Stormy Markets, Steady Institutional Investors

January 25, 2019 |
1 minute read

This blog is reprinted with permission by Net Assets, published by the National Business Officers Association (NBOA).  The original article can be found here.

Investment guidelines enable institutions to weather market volatility better than individuals, on average, and a crisis playbook can provide additional assurance. The 2017 calendar year saw just eight trading days where the stock market lost or gained more than one percent in a single day.

2018 had 64 such days.

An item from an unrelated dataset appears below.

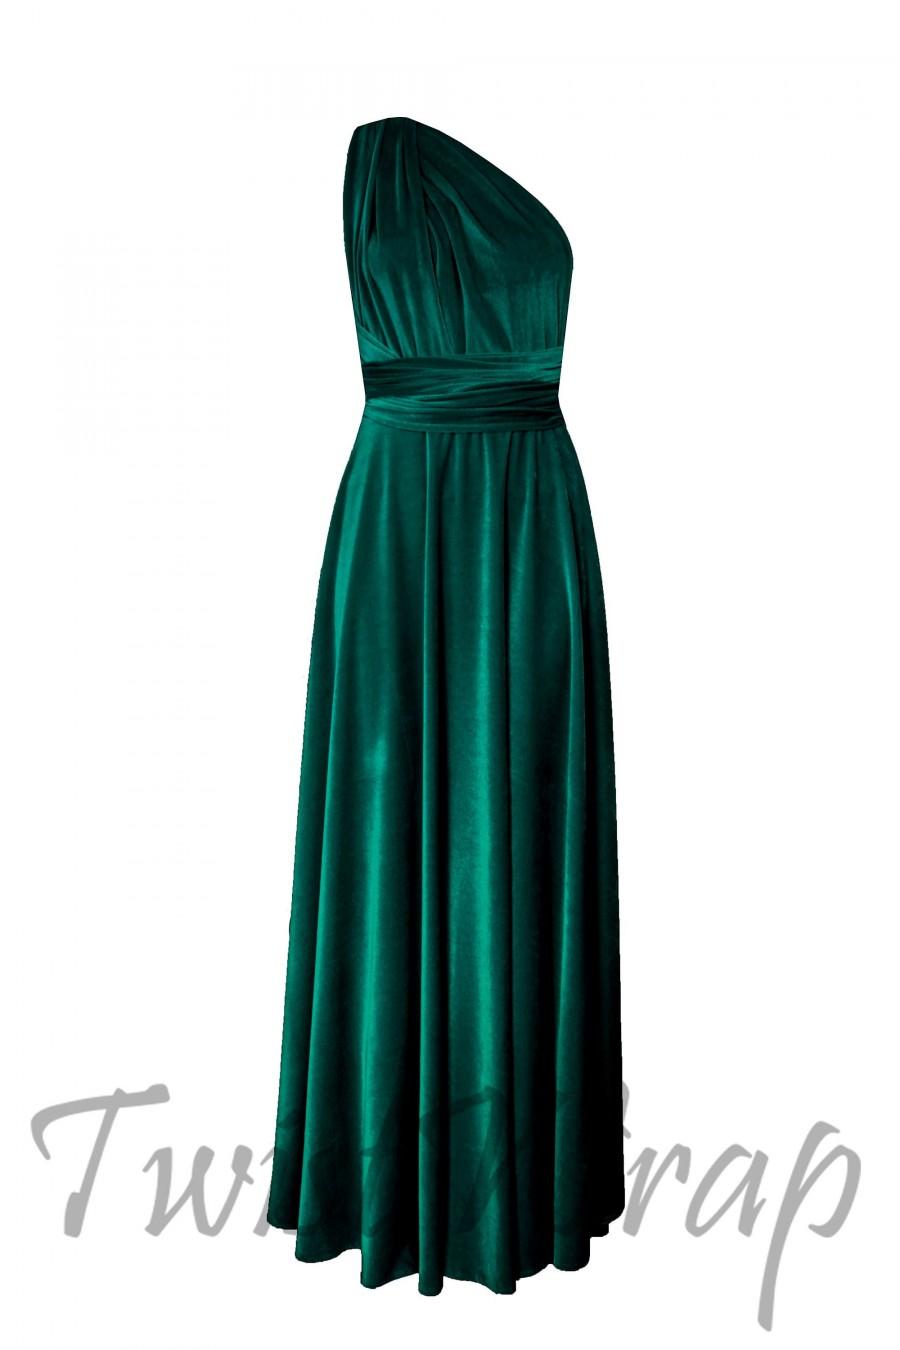 زفاف - Velvet Dress Dark Green Infinity Dress Bridesmaids Dress Long Convertible Dress Formal Maternity Dress Plus Size Prom Dress

That makes the current market seem volatile, but it’s in line with historic volatility, explained Steven C. Snyder, managing director at Commonfund, a nonprofit-focused investment firm that works with more than 200 independent schools. “Coming from a period of calm, it feels more painful,” he said.

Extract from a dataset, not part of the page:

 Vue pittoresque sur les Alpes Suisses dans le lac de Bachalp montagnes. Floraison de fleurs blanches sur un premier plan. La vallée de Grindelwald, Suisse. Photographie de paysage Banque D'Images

His guidance to independent schools is to stay the course and consider the advantages of being an institutional investor. Institutions with endowments follow investment guidelines – usually drawn in periods of calm – to help insure investment decisions will align with mission and vision. Individual or retail investors are far more susceptible to human emotions when making investment decisions and may be tempted to pull their money out of the market in uncertain times.

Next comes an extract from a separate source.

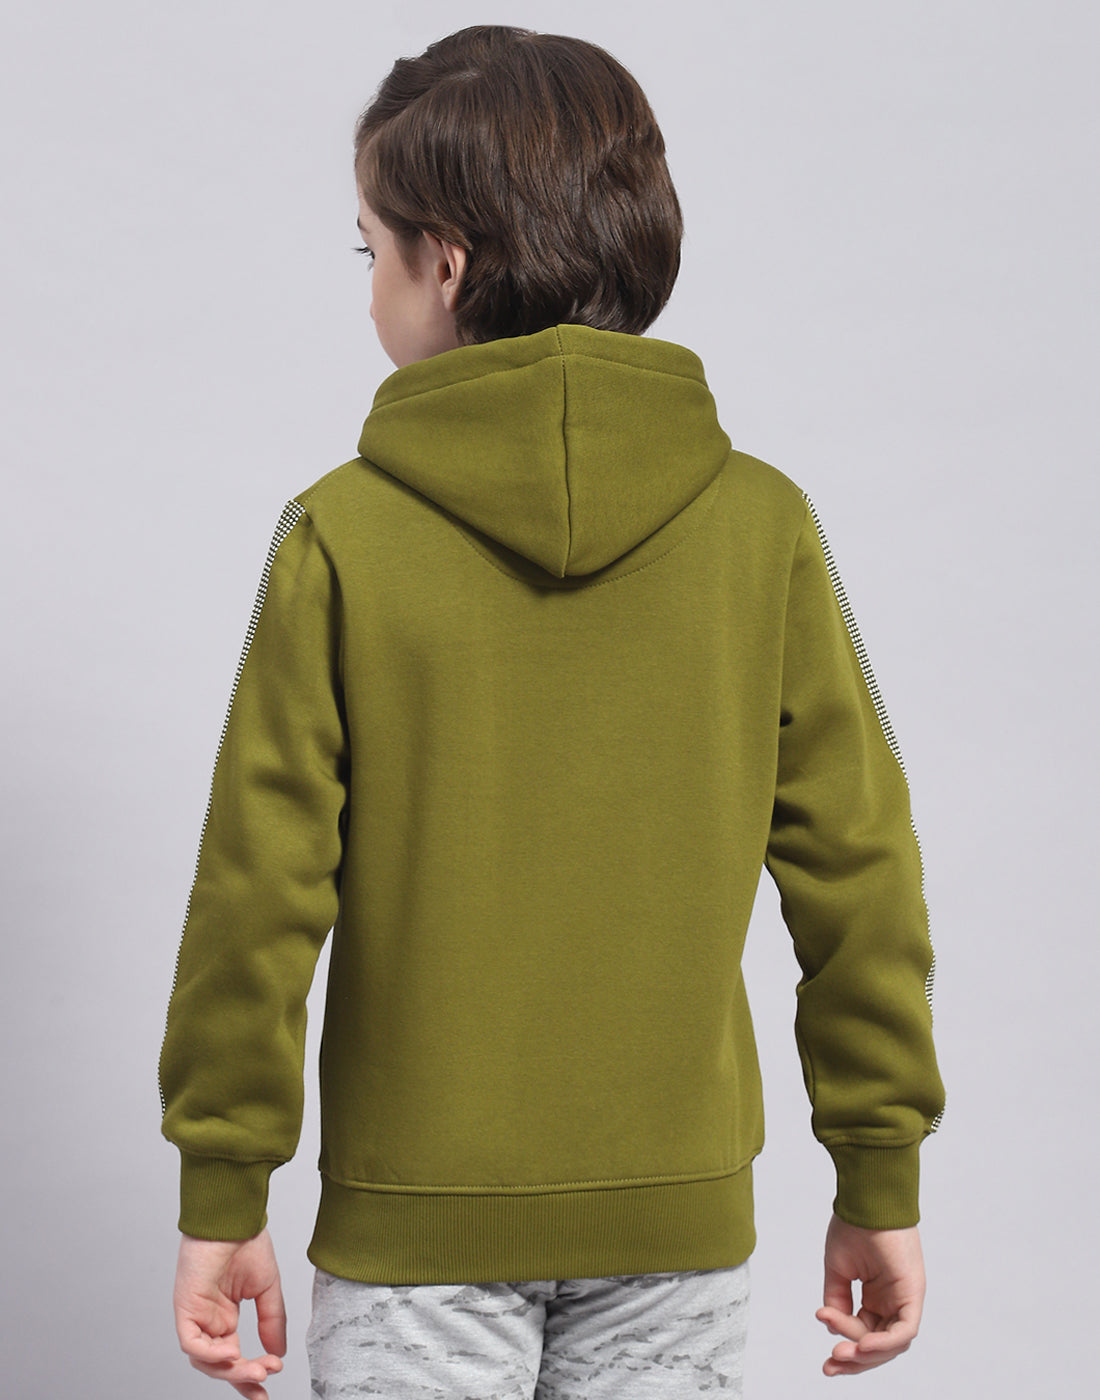 Boys Olive Printed Hooded Full Sleeve Sweatshirt

“If you analyze previous volatile periods, even huge intra-year dips of 10 to 14 percent, you’ll most often find at the end of year that the market has still made money,” Snyder said.

Investors would need a “crystal ball” to predict not only when to pull out of the market, but also when to put the money back in to avoid significant losses. In comparing longitudinal returns from retail funds and institutional funds, Commonfund has found that institutions do significantly better, largely thanks to clear guidance that prevents emotional decision-making, said Snyder.


Schools might consider developing a “crisis playbook,” he advised, where senior leaders and the board consider how the school would respond under possible scenarios – for example, if the market, enrollment and fundraising all dropped at once.

“Most independent schools are going to be more dependent on tuition than their endowment, so a 20-student drop in enrollment may present a bigger challenge than a 5 percent drop in the endowment,” Snyder said. But what happens if lost tuition revenue can’t be made up by fundraising, for example?

A crisis playbook would help school leaders identify stress points or triggers where operations are no longer sustainable, and then consider what actions they would feel comfortable taking. Hypothetical questions could include, What programs might we cut? What expenses could we control? In short, Snyder explained, the playbook is a sound way to guide your actions when you spot storm clouds on the horizon, without risking the ship.